By the Court.Order affirmed.

[1] WISCONSIN STAT. 971.08 states, in relevant part:

(1) Before the court accepts a plea of guilty or no contest, it shall do all of the following:


(c) Address the defendant personally and advise the defendant as follows: "If you are not a citizen of the United States of America, you are advised that a plea of guilty or no contest for the offense with which you are charged may result in deportation, the exclusion from admission to this country or the denial of naturalization, under federal law."

[2] WISCONSIN STAT. 971.08(2) states:

If a court fails to advise a defendant as required by sub. (1) (c) and a defendant later shows that the plea is likely to result in the defendant's deportation, exclusion from admission to this country or denial of naturalization, the court on the defendant's motion shall vacate any applicable judgment against the defendant and permit the defendant to withdraw the plea and enter another plea.

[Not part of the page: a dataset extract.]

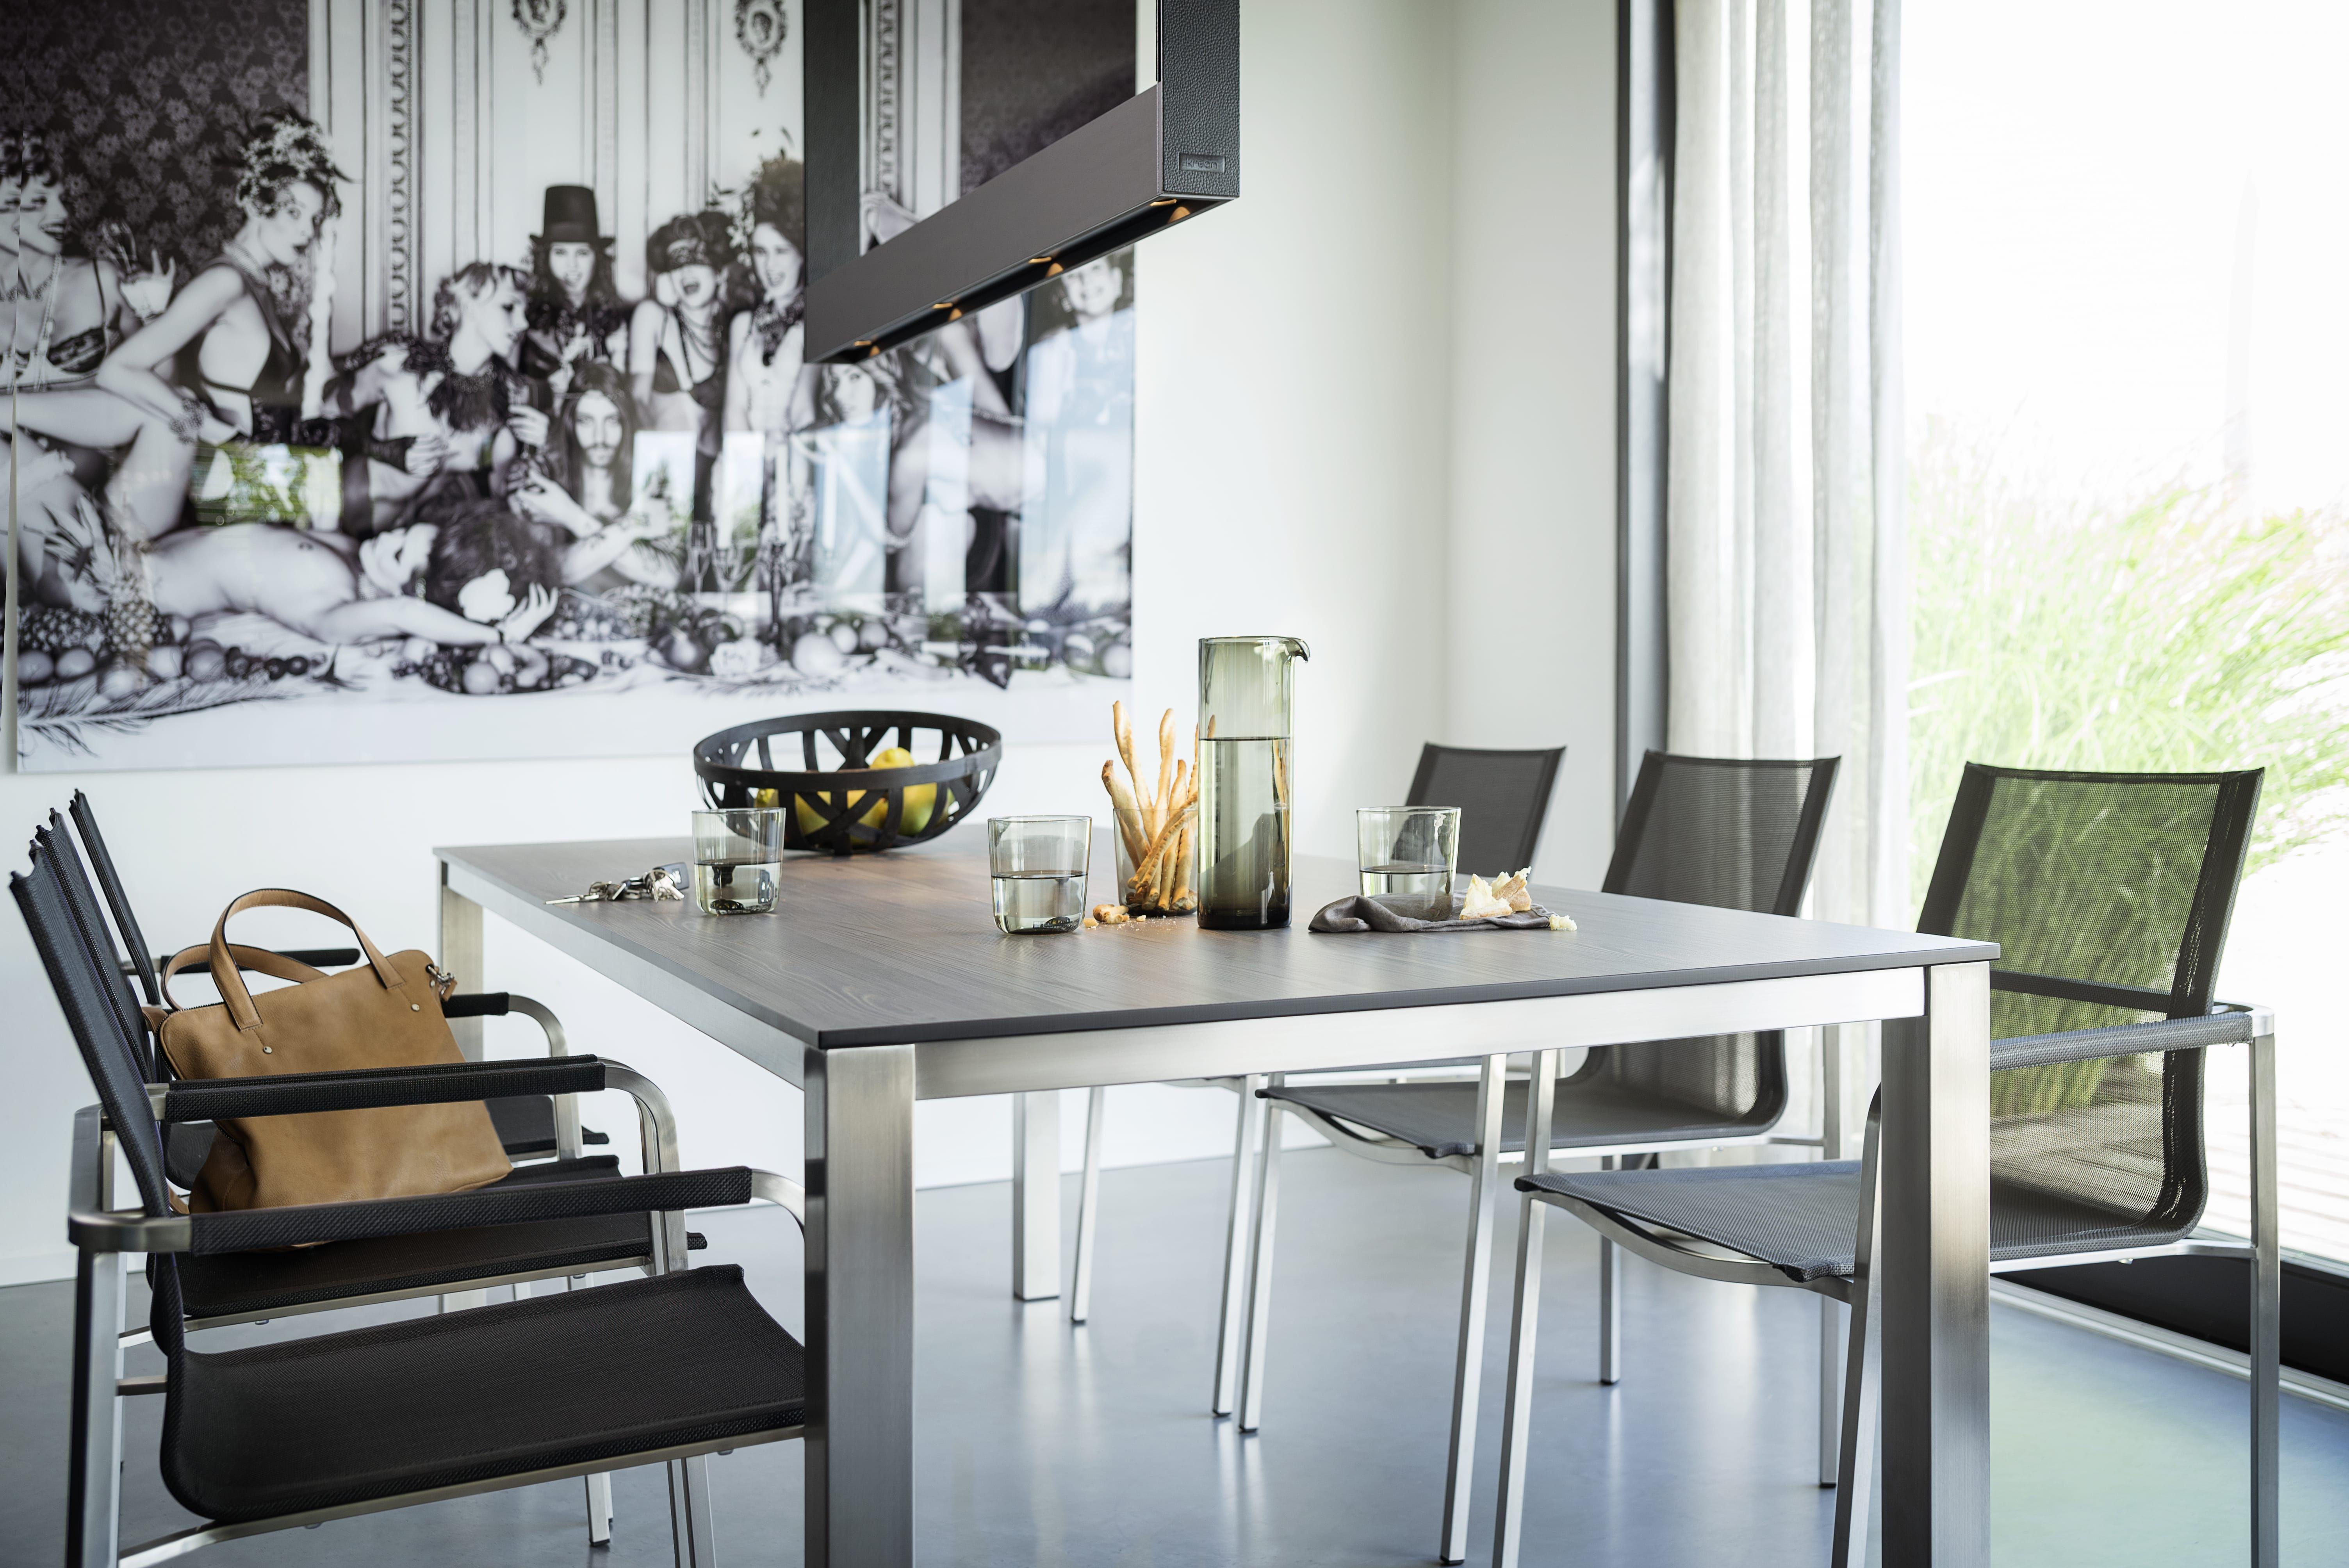 Wohnzimmer Haengematten Pic : Hängematte im wohnzimmer?

This subsection does not limit the ability to withdraw a plea of guilty or no contest on any other grounds.

[3] The judgment roll indicates the motion was denied. However, there is no hearing transcript or written order in the Record.

[4] The court initially denied the motion because it appeared the Department of Homeland Security was seeking to deport Medrano based on illegal re-entry into the United States. Medrano moved for reconsideration and demonstrated that his deportation was because of his conviction and prior deportation order. The court set a briefing schedule, asking the parties to address both the motion for reconsideration and the original motion to vacate. After briefing, the court implicitly granted the motion for reconsideration, then denied the original motion.

[5] The circuit court discussed whether Medrano's claims were procedurally barred by State v. Escalona-Naranjo, 185 Wis. 2d 168, 517 N.W.2d 157 (1994). Escalona applies only to constitutional and jurisdictional issues or errors. See WIS. STAT. 974.06. This case involves a statutory error.

[6] Interestingly, Issa was decided over fourteen years before Medrano sought relief based on the case. See State v. Issa, 186 Wis. 2d 199, 209, 519 N.W.2d 741, 745 (Ct. App. 1994).